The Bee People
My mother’s death was neither shocking nor terribly sad. The cirrhosis had been a slow but ravenous thing, devouring the strength from her body the way a vulture might strip a deer carcass to bone. My mother too had been a skeleton by the end, a cloudy-eyed rib cage lying listlessly in hospice. The grief of losing her had been all but eaten away by the time the nurse called to deliver the news. It felt like mercy. It was June.
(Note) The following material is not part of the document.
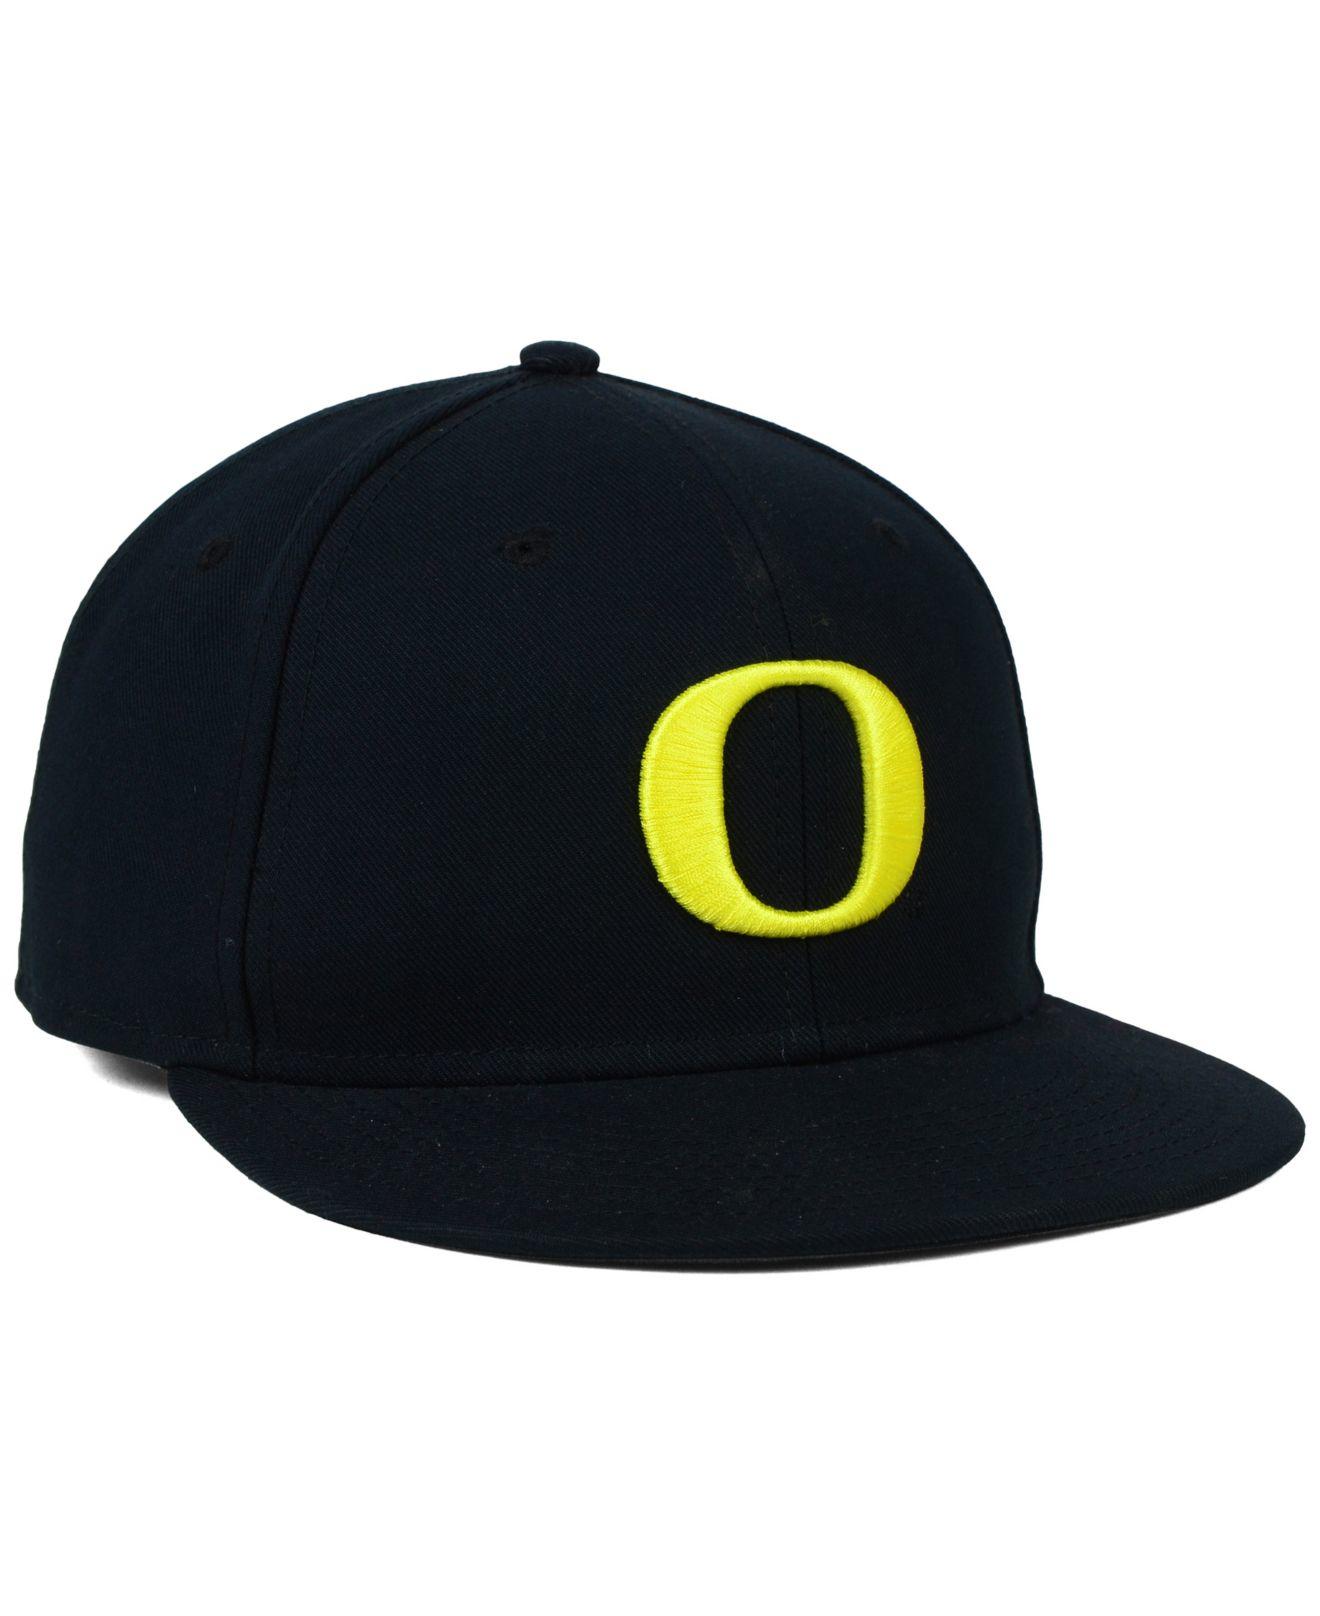 63d53f3d5c9 ... best lyst nike oregon ducks true college fitted cap in black for men  a5cb4 7675a

We left for Nott’s Lake early. The late morning sun filtered through the trees in flashes of shadow and gold, and as we drove I imagined the carousel lamp she had bought for me as a child, the warm incandescent animals circulating my bedroom walls, projected through the paper shade. I looked over at Dan, the shifting sunlight dappling the side of his face. He caught my eye and stroked his thumb over my knee where he rested his hand. “You’re gonna be ok,” he said.
“I know.” I inhaled deeply and nodded, looking back out the window. “Yeah, I know. I’m just tired.”
“It’s ok to be sad, Andy.”
I shrugged. “I was sad watching her drink herself to death. And then I was sad when she got sick, and I was sad when she got sicker, and I was sad when she stopped taking her meds… I’ve been sad.” Lions in the trees. Elephants of leaves and light, trunks raised. “The whole thing is just so fucking sad, and I’m just—I’m just tired.”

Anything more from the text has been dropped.